I didn't sleep at all well last night. I was running through tonight's menu in my head, over and over. I hate when I do that. Cooking, especially cooking for guests, is something I enjoy almost more than anything else I do, but for some reason it can also bring me anxiety. I want so badly for the food I prepare to be delicious, beautiful, perfect. Some of my most painful memories are of meals gone wrong, guests smiling and complimenting food that I know is not good. Humiliation, failure.

Speaking of humiliation, failure, and losing sleep, the other thing that kept me up last night was anticipation of my appointment this morning at the city STD clinic. This is the third time since I moved to Austin last fall that I have had to be treated for an STD. And yes, I know, I have been promiscuous lately. But Jesus, this seems really out of proportion. When I lived in San Francisco last year, I was having just as much sex, probably more, and I never caught anything.

By itself, it's unpleasant enough. Feeling morally corrupt, unclean, deserving of the punishment of the symptoms themselves as well as the unique discomforts of the clinic visit, all the things we're supposed to feel. It's hard to escape the neat God's-wrath justice of it. Have sex with too many people, and I'll make your penis hurt like a motherfucker. Show you.

But for me, the hardest part of the ordeal is the HIV test. No matter what you go in for, while you're there they want to take blood and run an HIV antibody test. Now, I just had an HIV test last week when I screened for the drug trial, and it was negative. So I shouldn't have been worried. But it's nerve-wracking every time.

I'm irrationally terrified of this test. In my head, as I try to sleep, I force myself to imagine over and over the moment of being told that I have tested positive, make myself feel that horror, make myself run fast-forward through the rest of my life with a horrible, stigmatized affliction, make myself feel the blunt, stupid shame of having a preventable but deadly disease, telling J., telling my family, taking on the pain and sorrow they feel for me. It's a fucking nightmare.

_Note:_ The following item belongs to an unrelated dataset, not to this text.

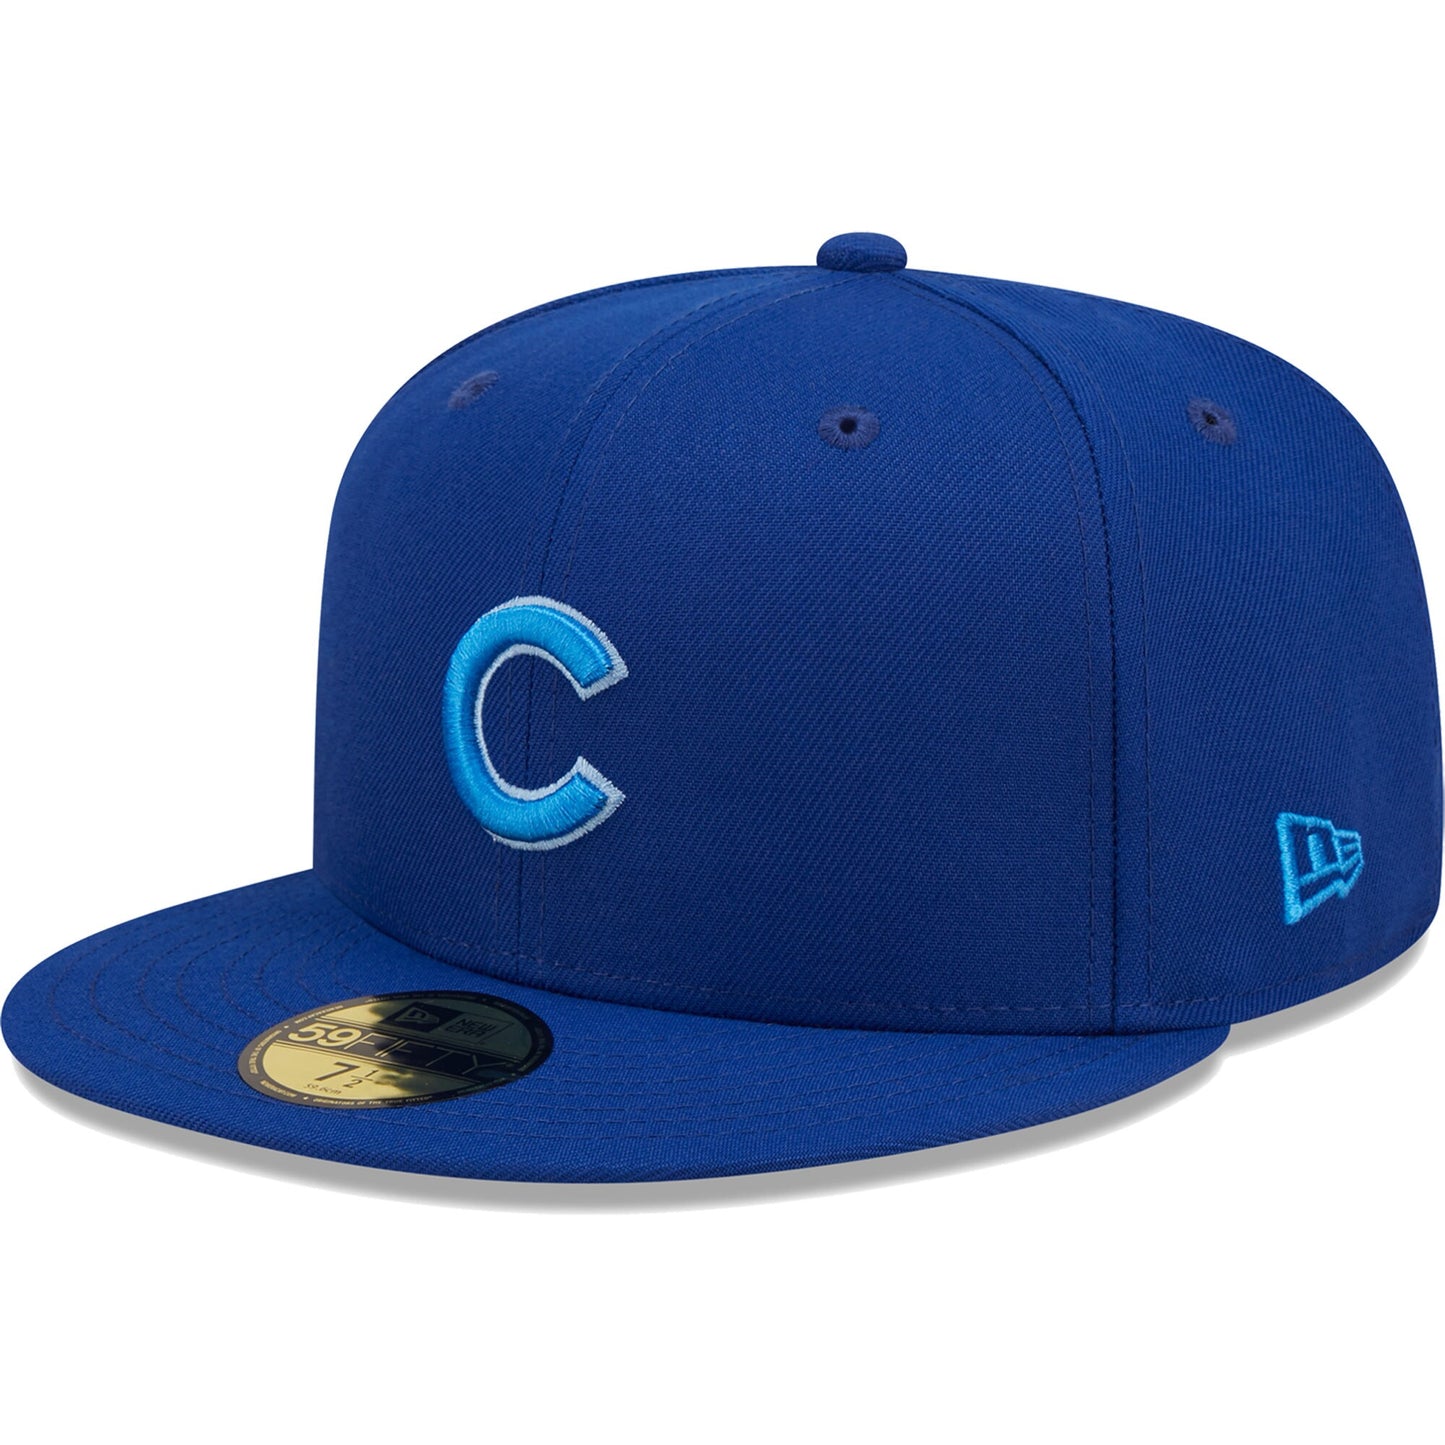 Chicago Cubs New Era Monochrome Camo 59FIFTY Fitted Hat - Royal
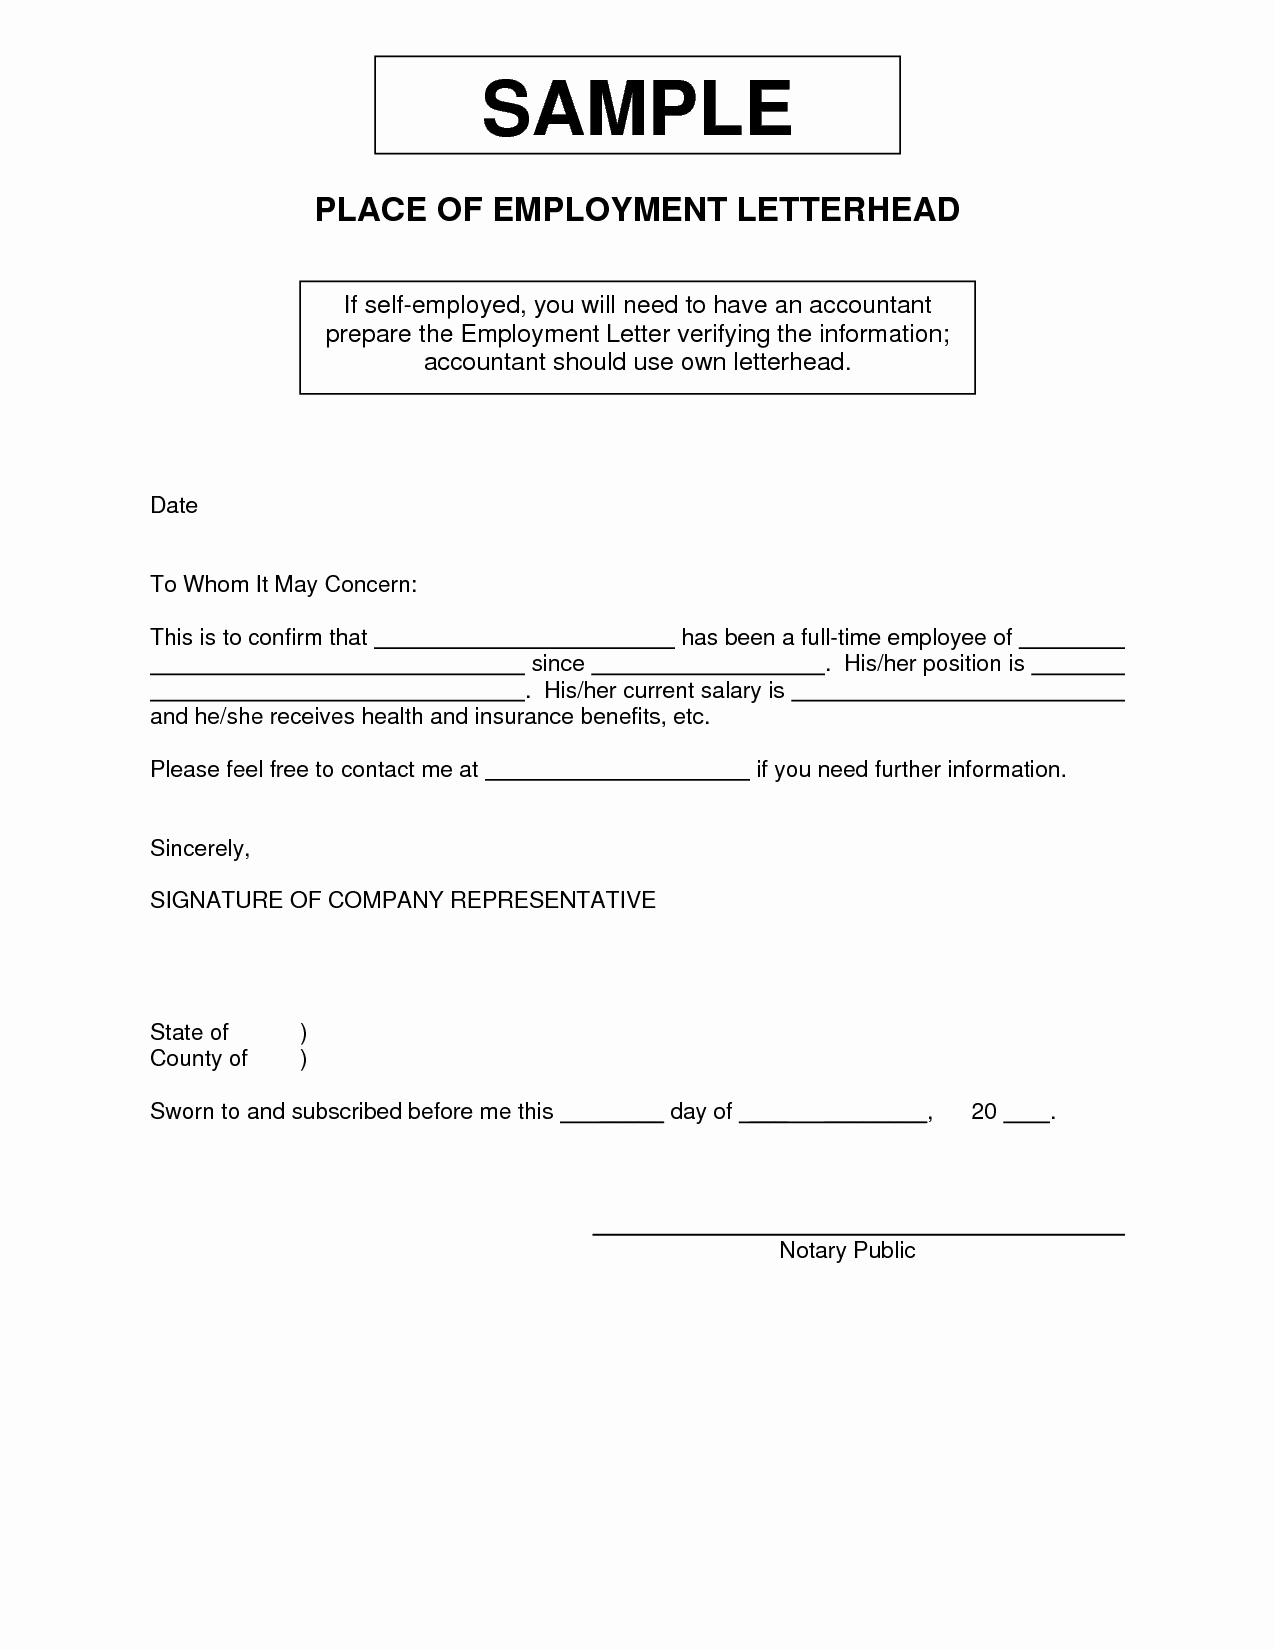 Sample Letter Of Employement New Cpa Letter for Self Employed Template Examples

I put off my first HIV test until 1990, even though it was available years before that. Of all people, I should have been tested early. I moved to New York in 1981. I discovered the bathhouses in 1982, and I had a lot of unprotected sex during that crucial window: before anybody knew what AIDS was but when lots of people were infected. Back then, I justified my reluctance by saying that there wasn't much one could do. For a while, this was true. And back then (once we heard that "the AIDS virus" was transmitted sexually, around 1985) I was religious about condoms. We all were. No fucking without condoms. No question. That was just what one did. I was in a relationship from 1984 through 1989. My partner and I did not use condoms, but, when we had sex outside the relationship, we did. Neither of us got tested before we separated.

When I finally got tested, I was shocked when I found out I was negative. It didn't seem possible. I saw it as an undeserved gift. I had taken huge risks and avoided infection. I vowed to be safe always. If I had made it through my most promiscuous period in the early eighties in New York without contracting HIV, I owed it to myself to stay negative.

And that's a vow I have repeated to myself every time. Every time I have broken my rules, crossed a line, taken a risk I promised myself I wouldn't. Every time I contract some other STD and, while at the clinic, have to take an HIV test, I make the same deal with myself: "If I'm negative, I'll never do anything risky ever again." It's a bad deal. Any deal involving sexual abstinence is a bad deal. Sexual desire cannot be subjected to contracts.

This morning at the clinic they told me I didn't need to do the HIV test since I had tested so recently. They treated me for the other thing and sent me home feeling like a disappointing child.

I want to give up sex. For a while. I don't want to feel that feeling again.